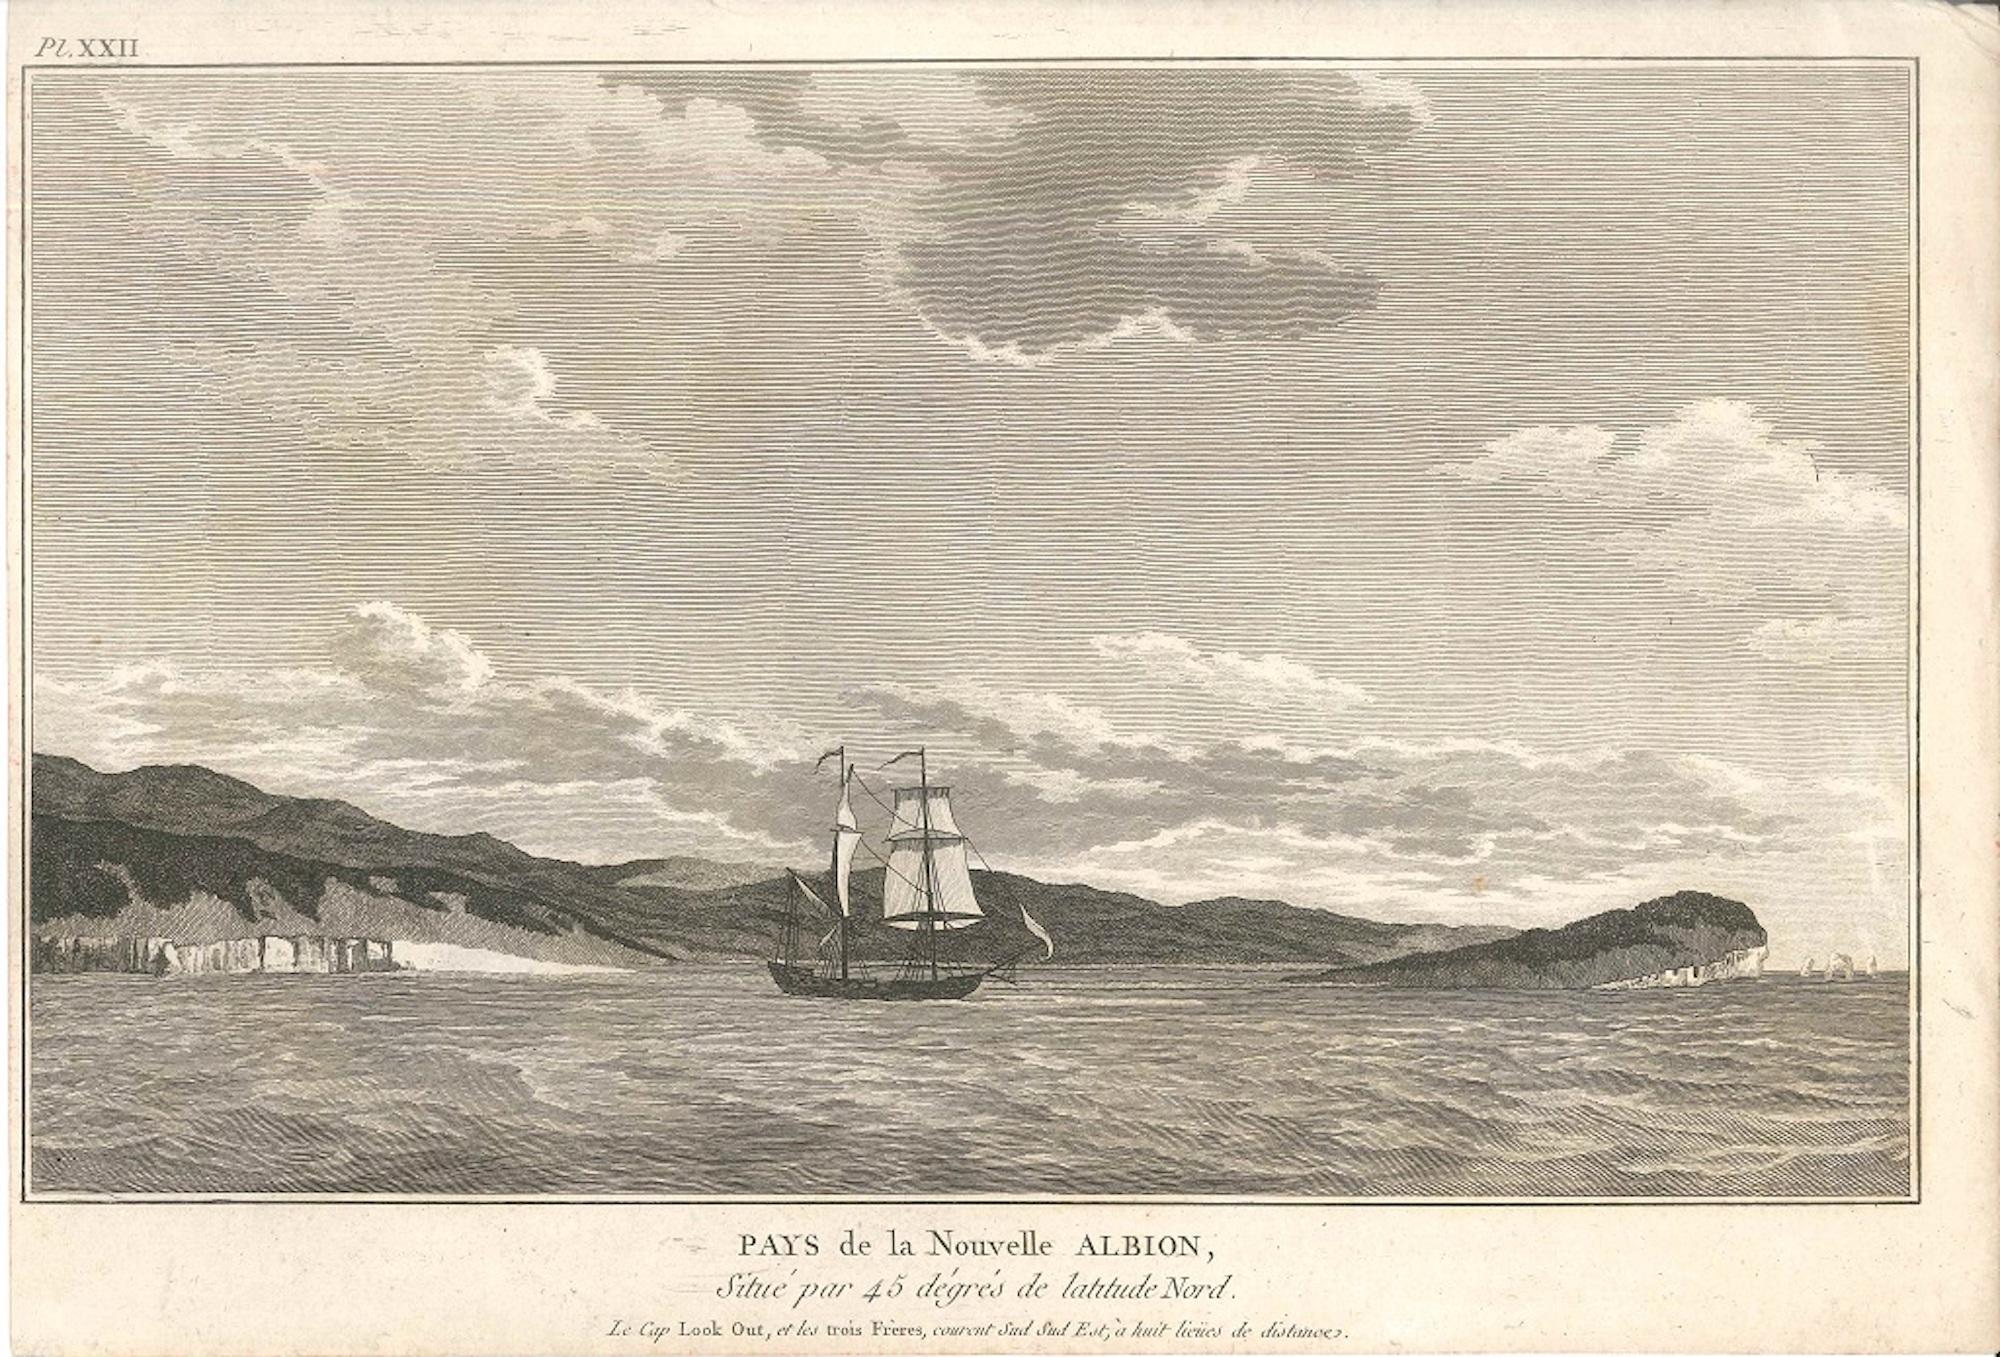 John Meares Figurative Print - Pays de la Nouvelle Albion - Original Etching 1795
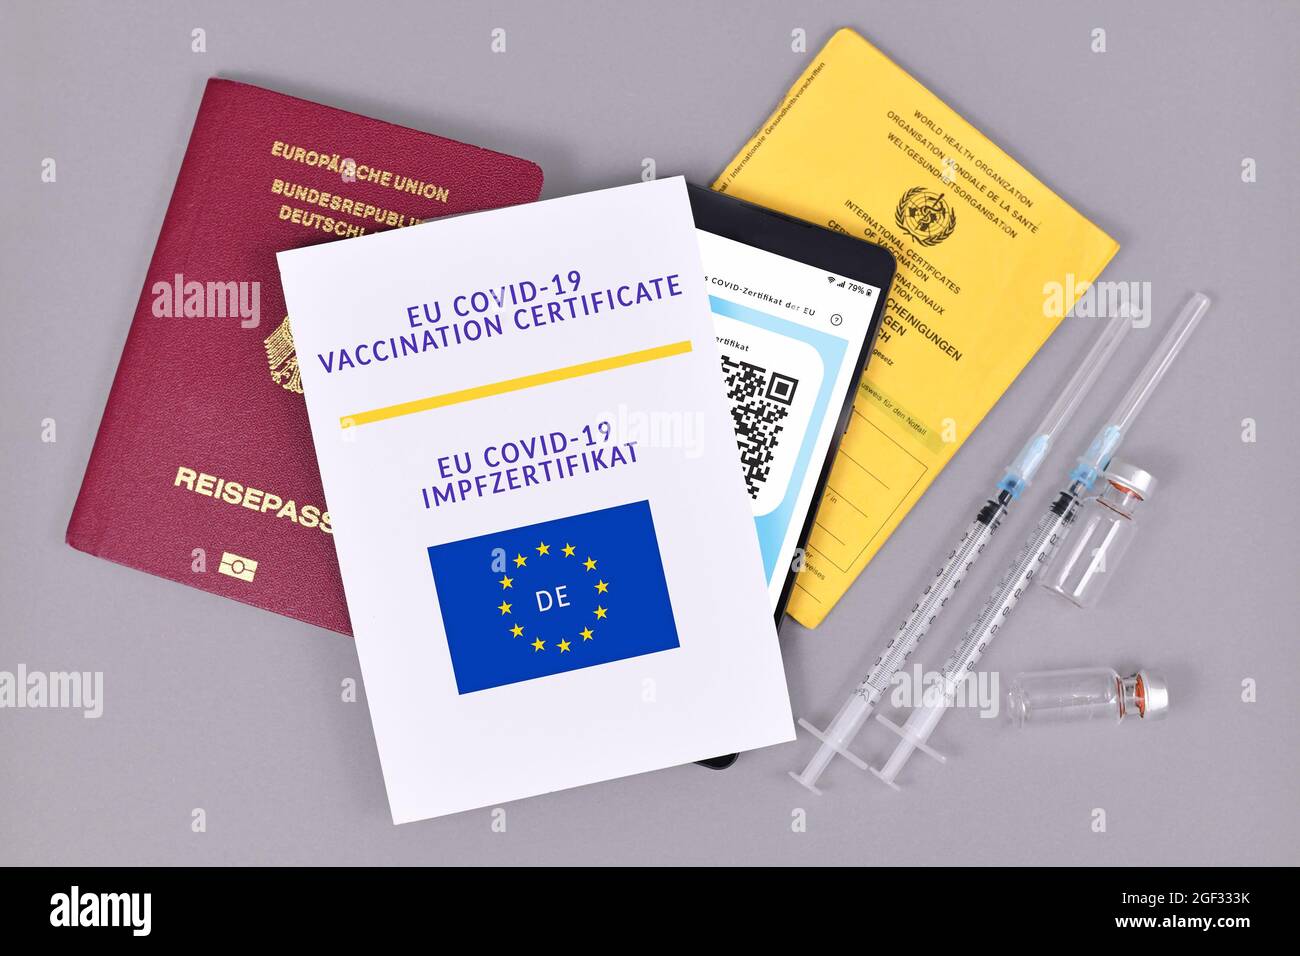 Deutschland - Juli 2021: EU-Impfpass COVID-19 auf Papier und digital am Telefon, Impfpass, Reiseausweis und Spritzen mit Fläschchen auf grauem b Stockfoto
...
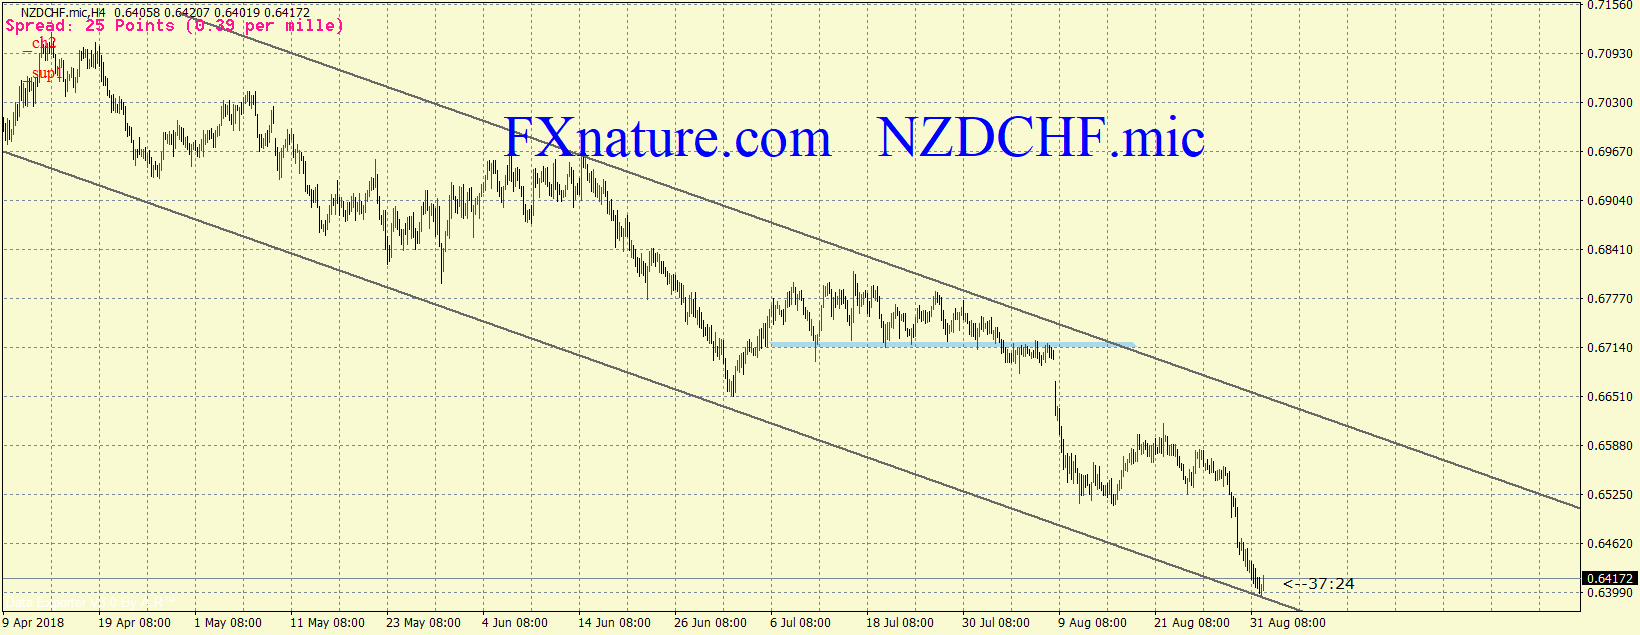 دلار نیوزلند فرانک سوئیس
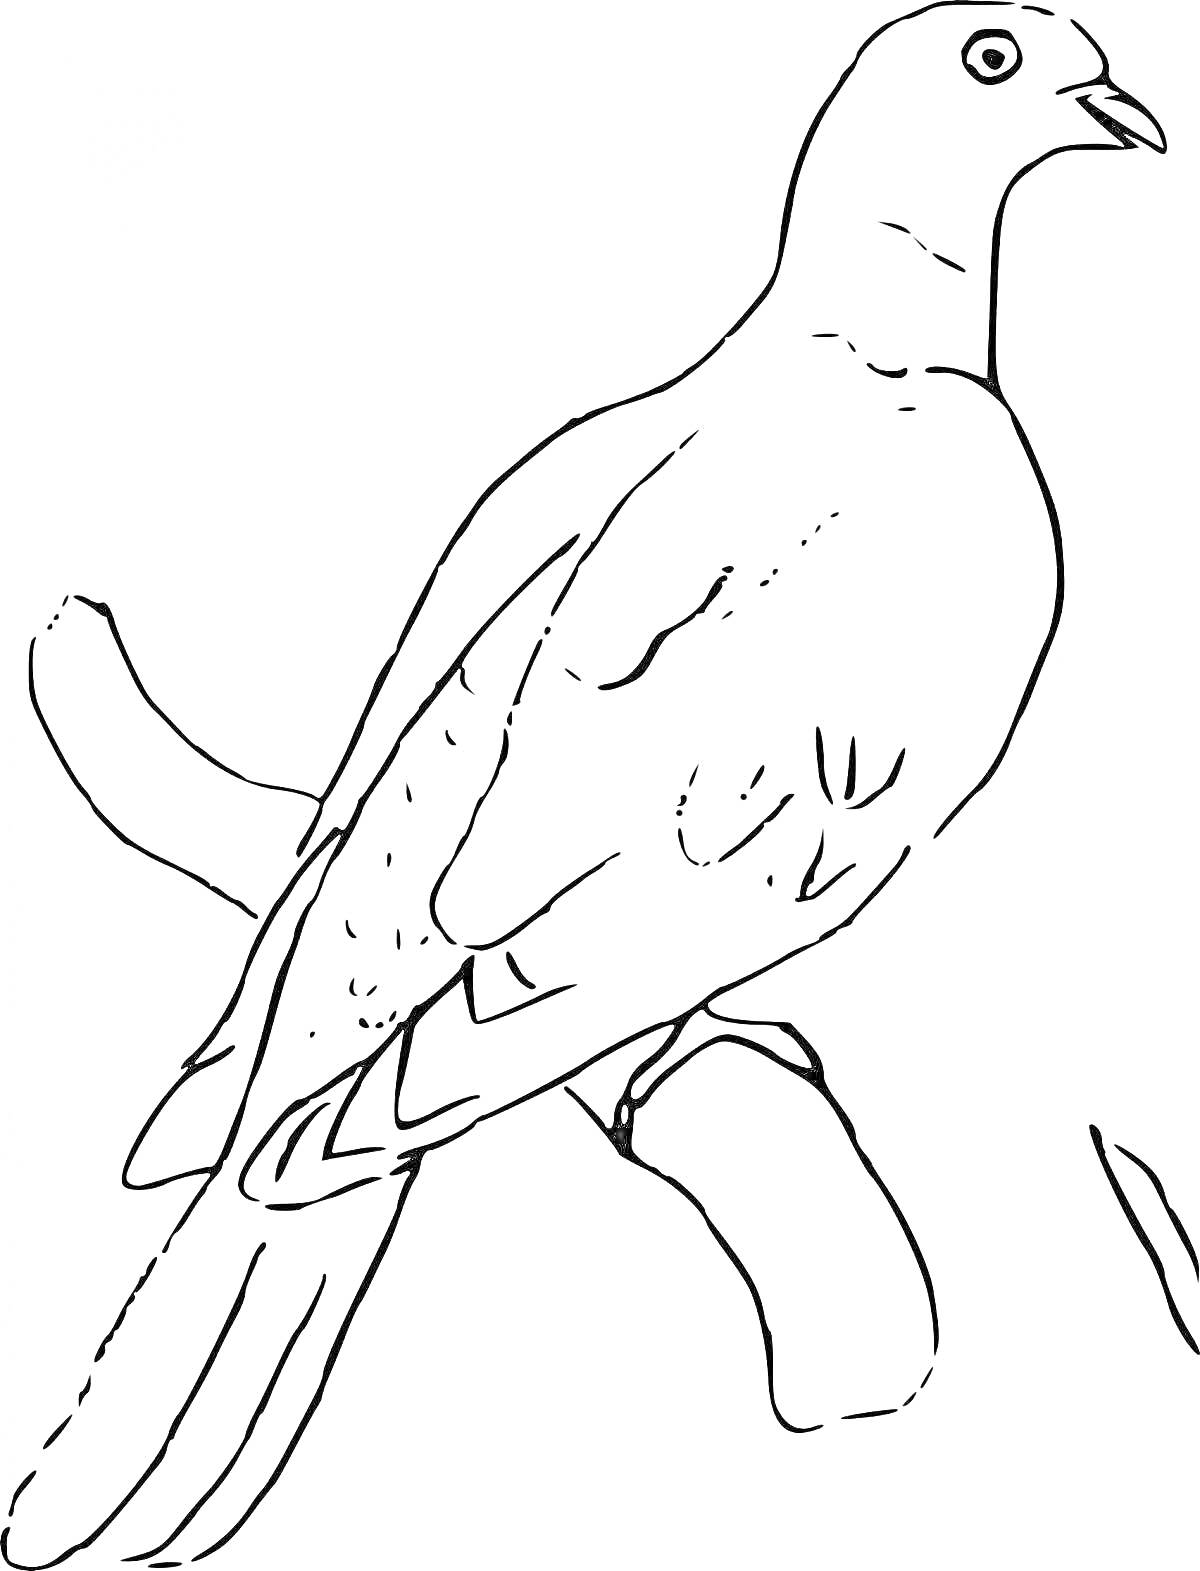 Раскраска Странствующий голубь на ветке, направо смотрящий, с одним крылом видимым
--
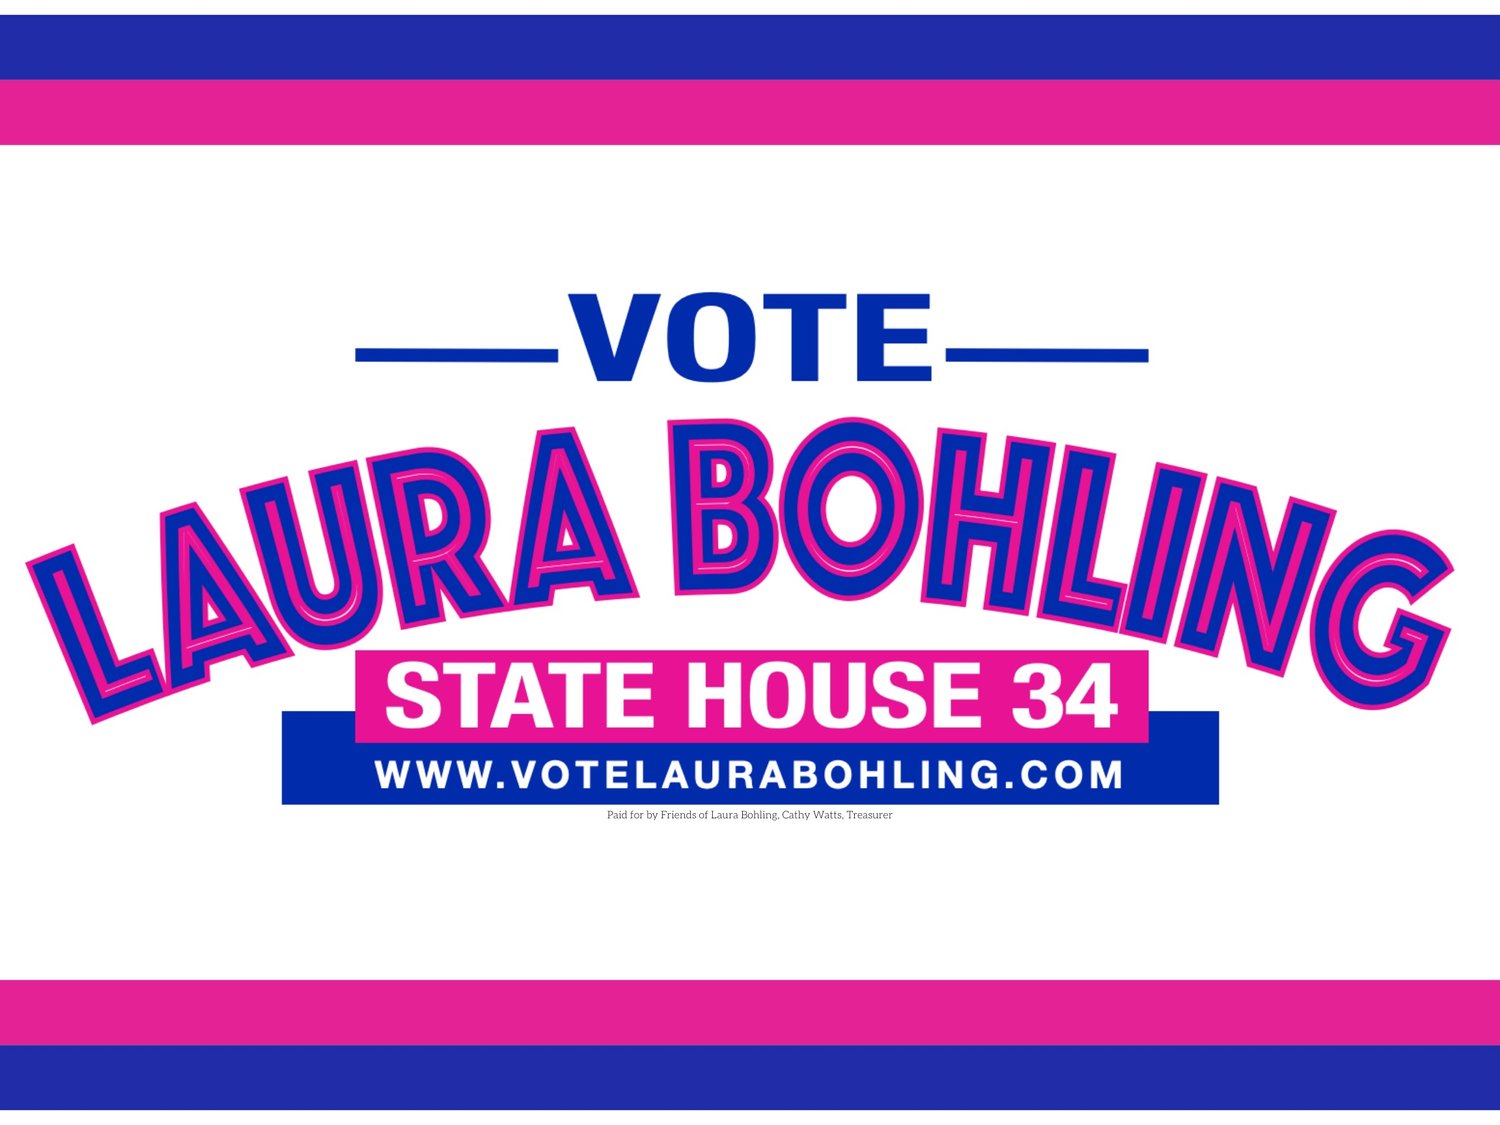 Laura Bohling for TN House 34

▶ _WHAT TO WORK ON_
Set the pictures aside and retype exactly the lines above from the line with "دلار نیوزلند فرانک سوئیس" to the line with "Раскраска Странствующий голубь", both included, adding no others.

▶ _REPLY_
 دلار نیوزلند فرانک سوئیس
 Раскраска Странствующий голубь на ветке, направо смотрящий, с одним крылом видимым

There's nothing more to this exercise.